● **Data for review**
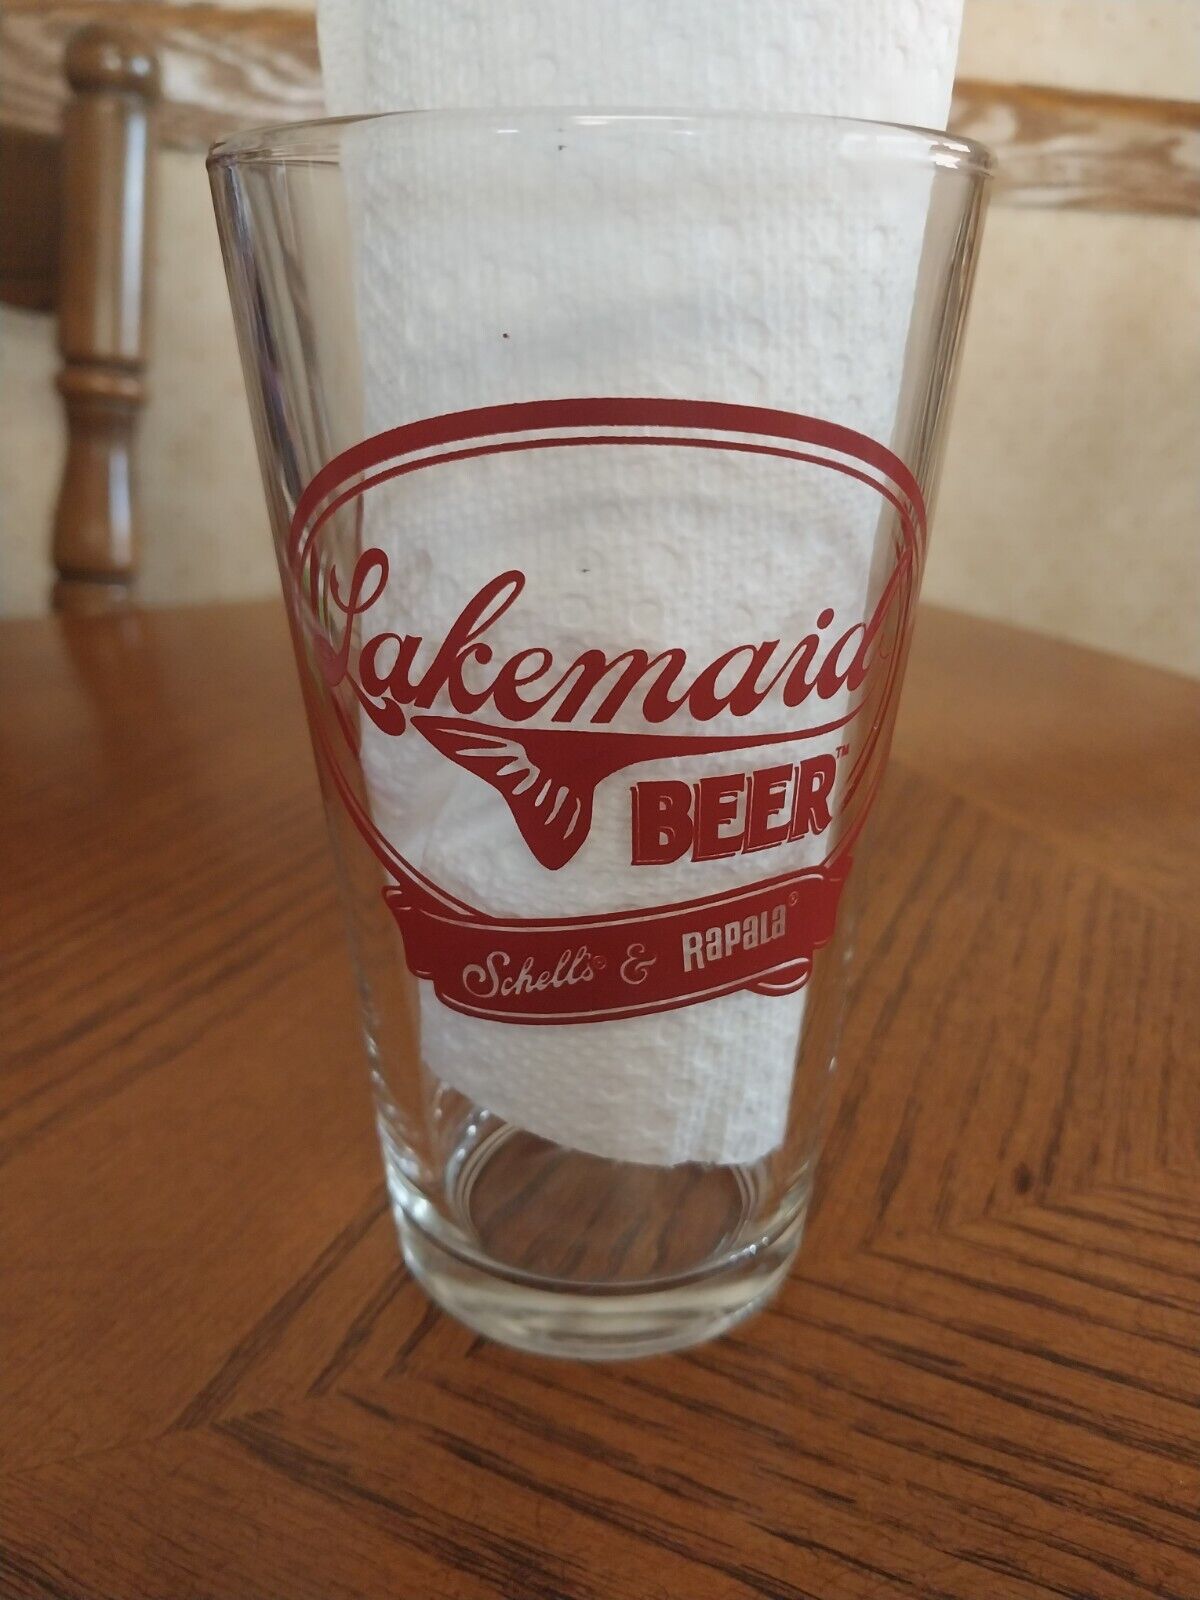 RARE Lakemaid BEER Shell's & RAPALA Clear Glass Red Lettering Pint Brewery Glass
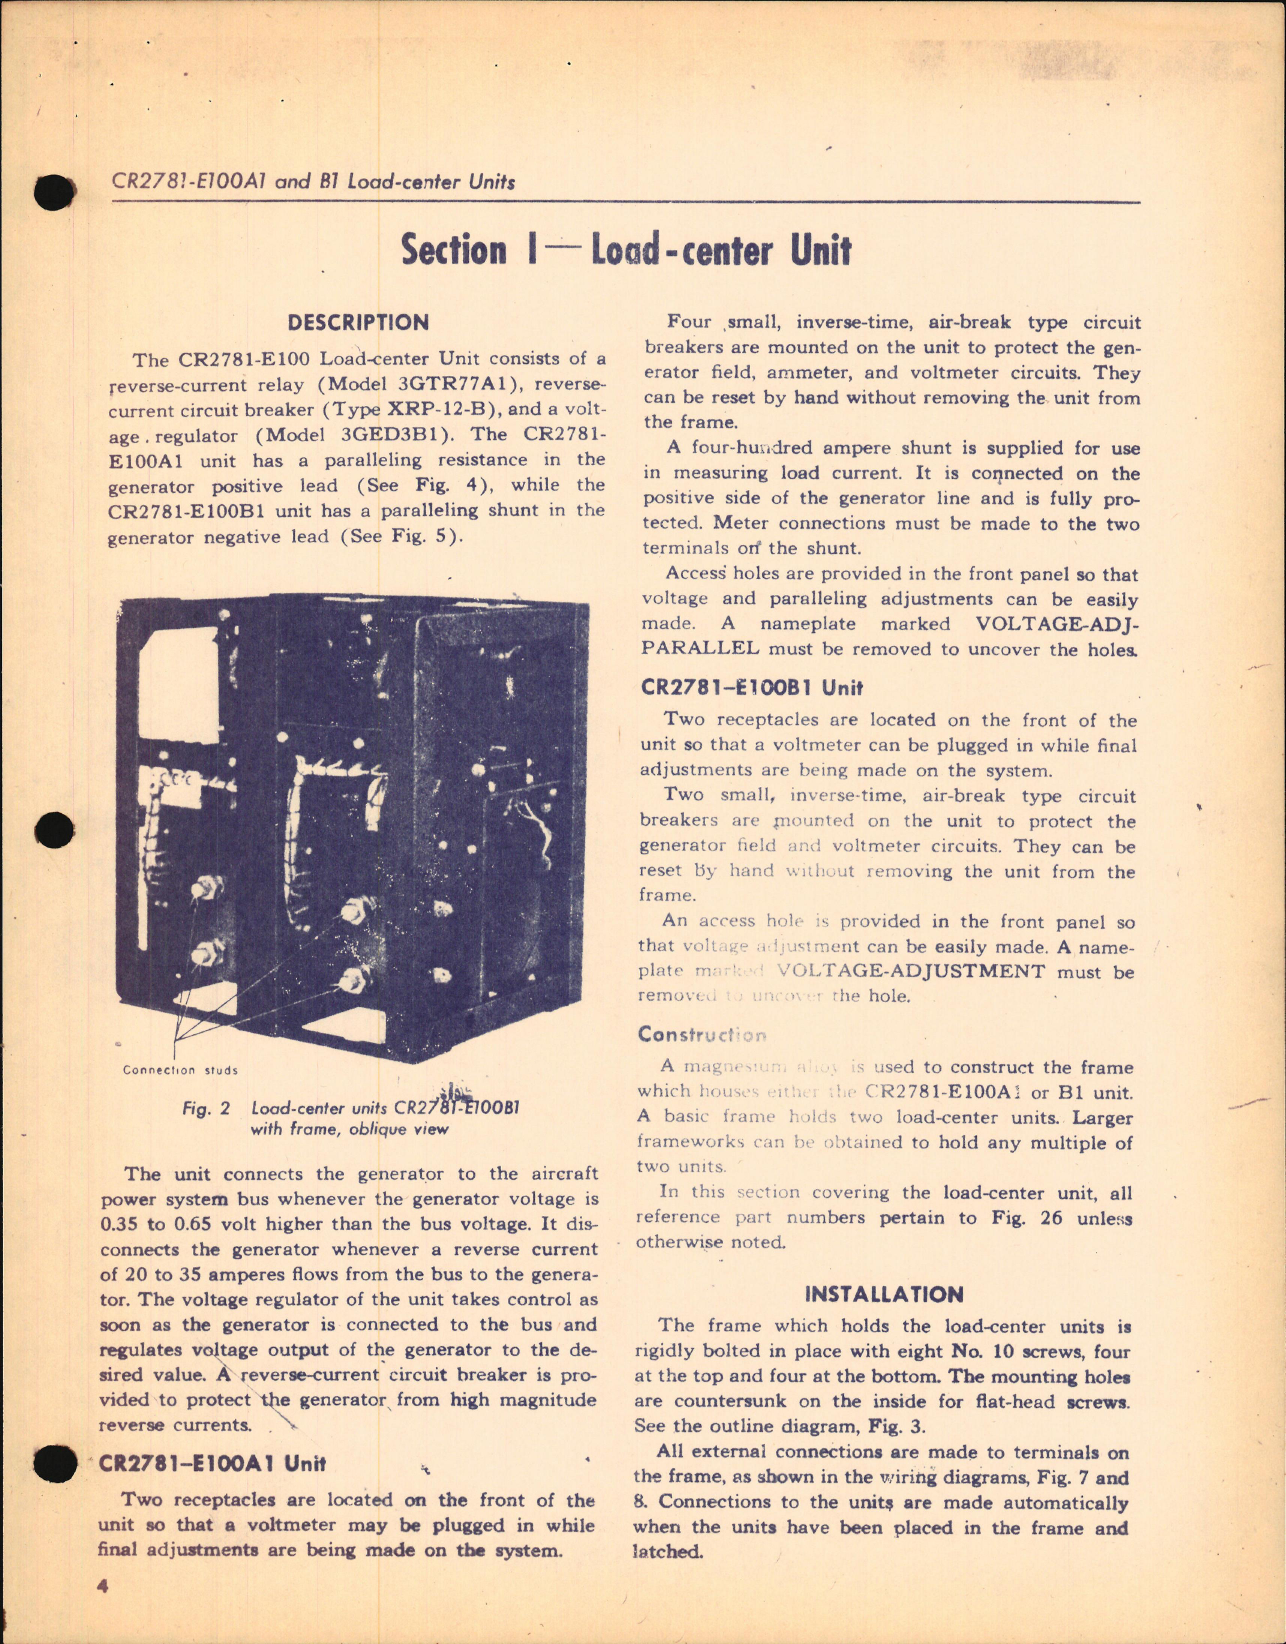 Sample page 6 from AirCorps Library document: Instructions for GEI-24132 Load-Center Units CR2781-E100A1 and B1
==
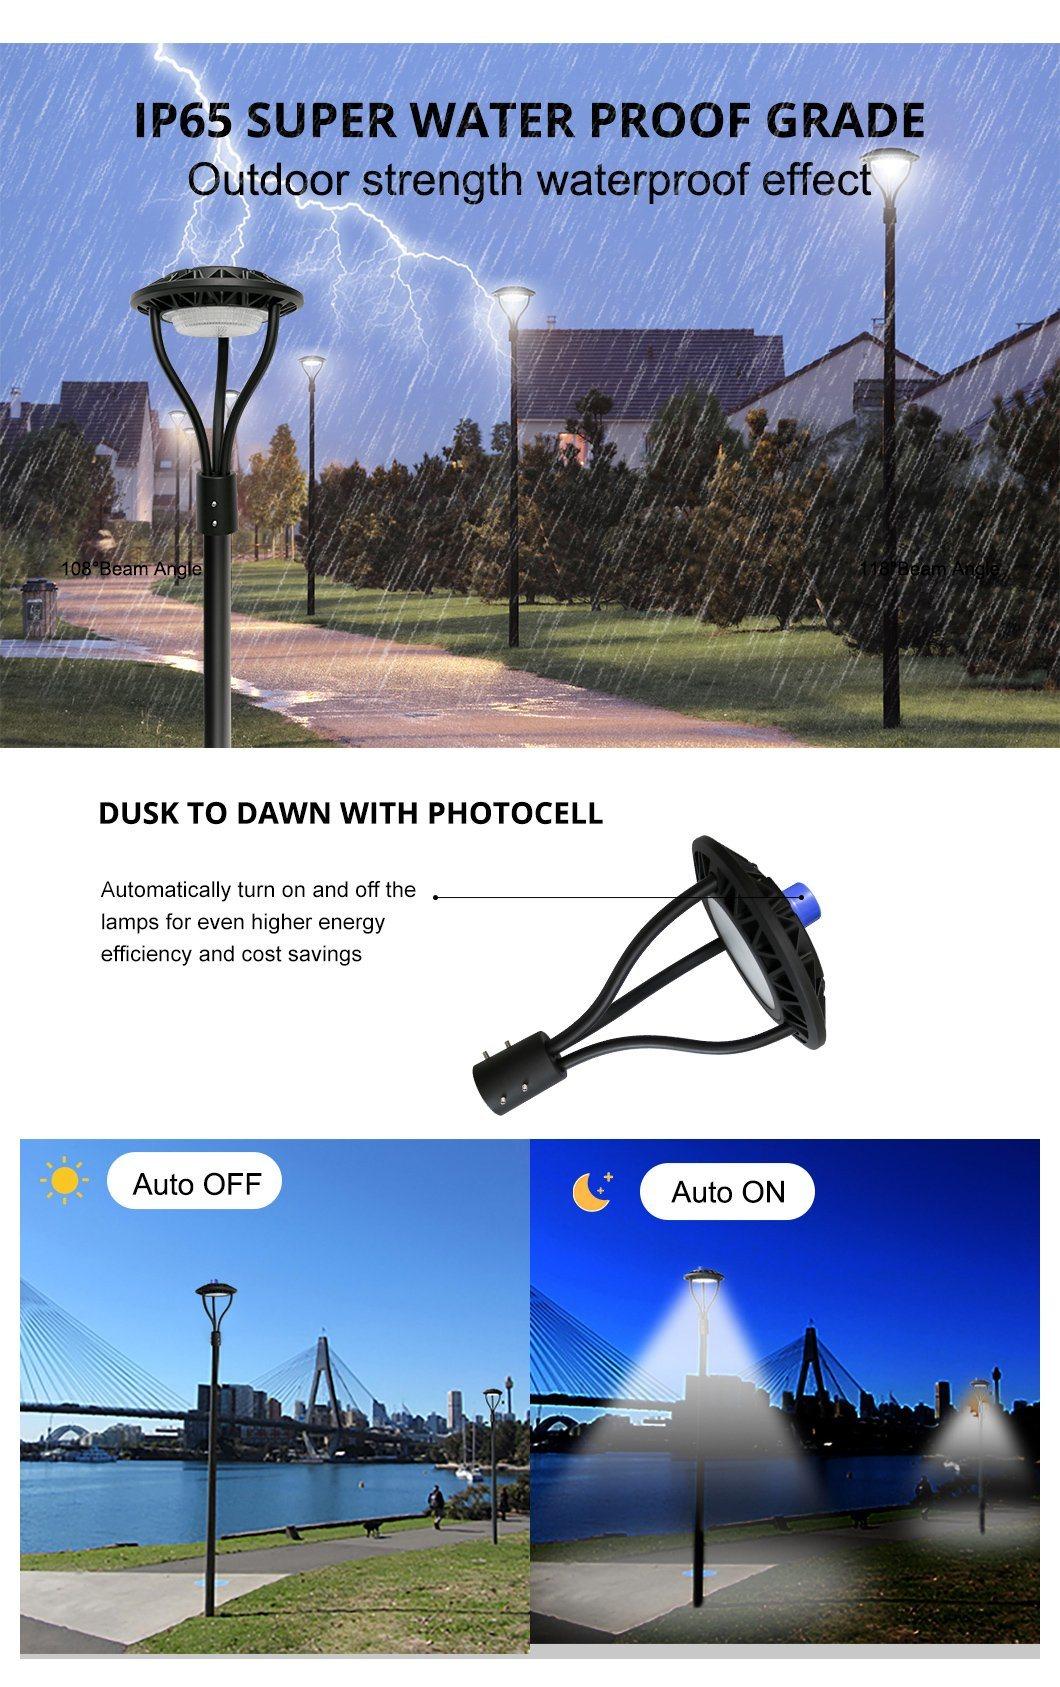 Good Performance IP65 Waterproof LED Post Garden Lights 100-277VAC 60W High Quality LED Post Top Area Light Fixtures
==
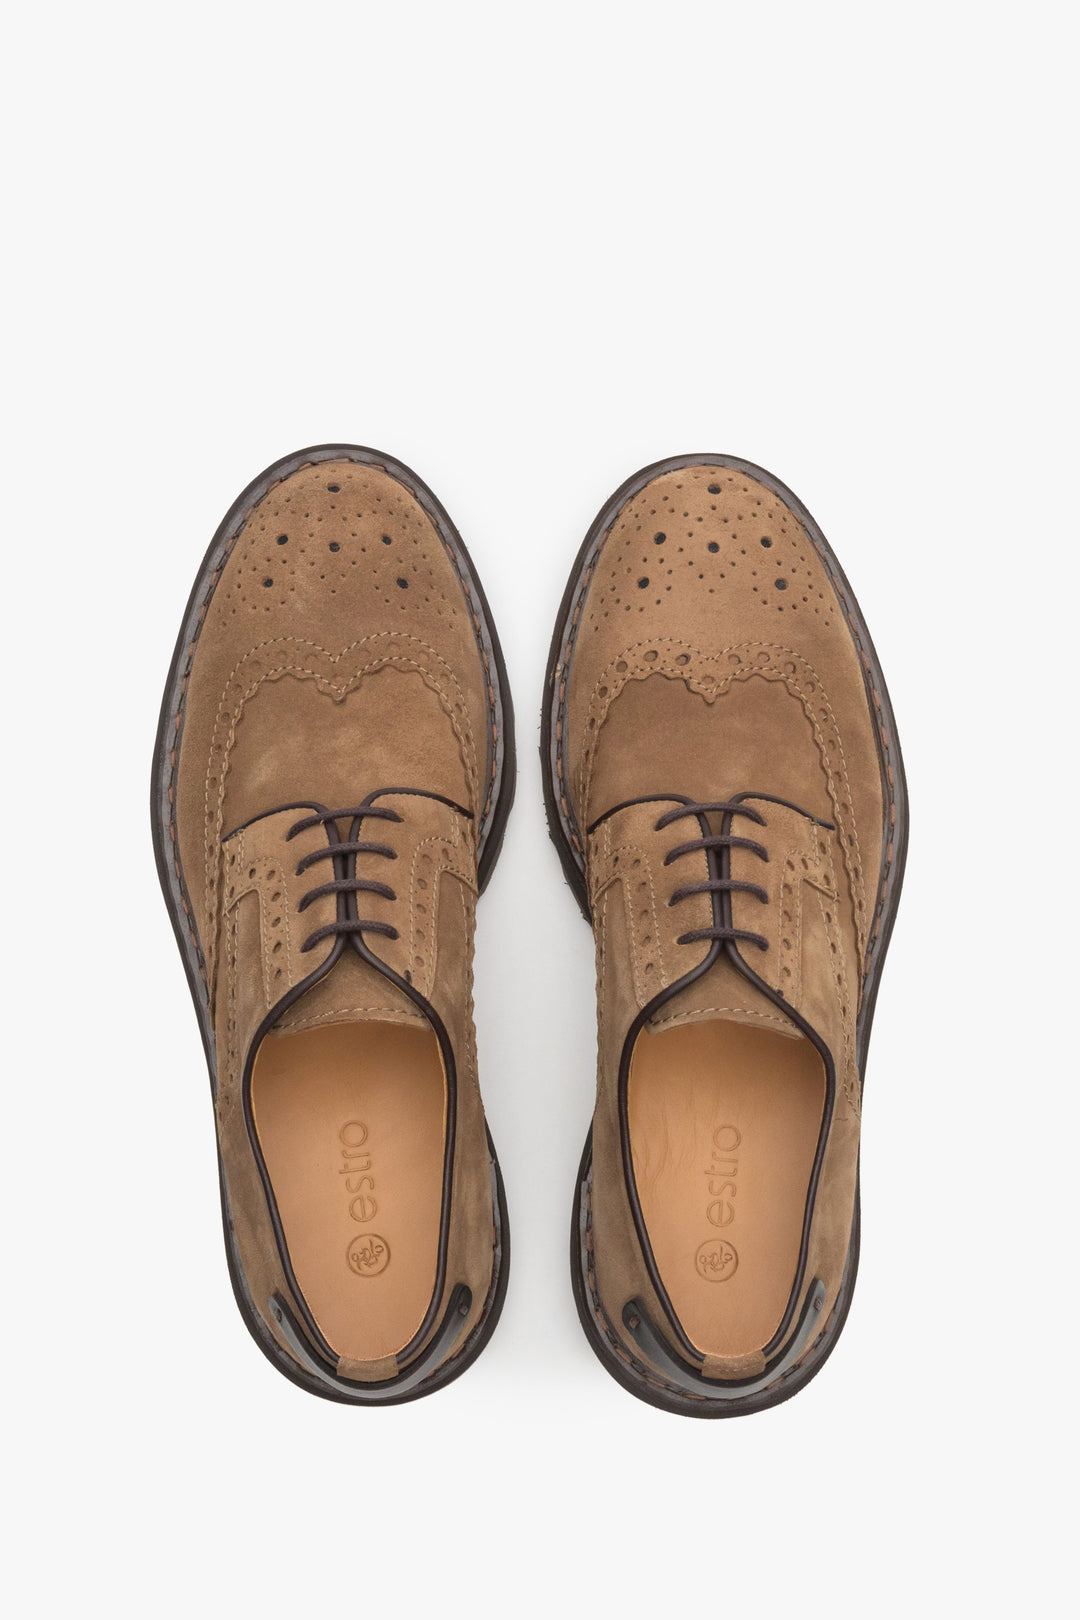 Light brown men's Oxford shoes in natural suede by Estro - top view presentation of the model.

● **Assigned task**
In the listing above, find the line with "RARE Lakemaid BEER" and the line with "Sample page 6". Transcribe those two and everything between, exactly, leaving out pictures.

● **Written answer**
 RARE Lakemaid BEER Shell's & RAPALA Clear Glass Red Lettering Pint Brewery Glass
 Sample page 6 from AirCorps Library document: Instructions for GEI-24132 Load-Center Units CR2781-E100A1 and B1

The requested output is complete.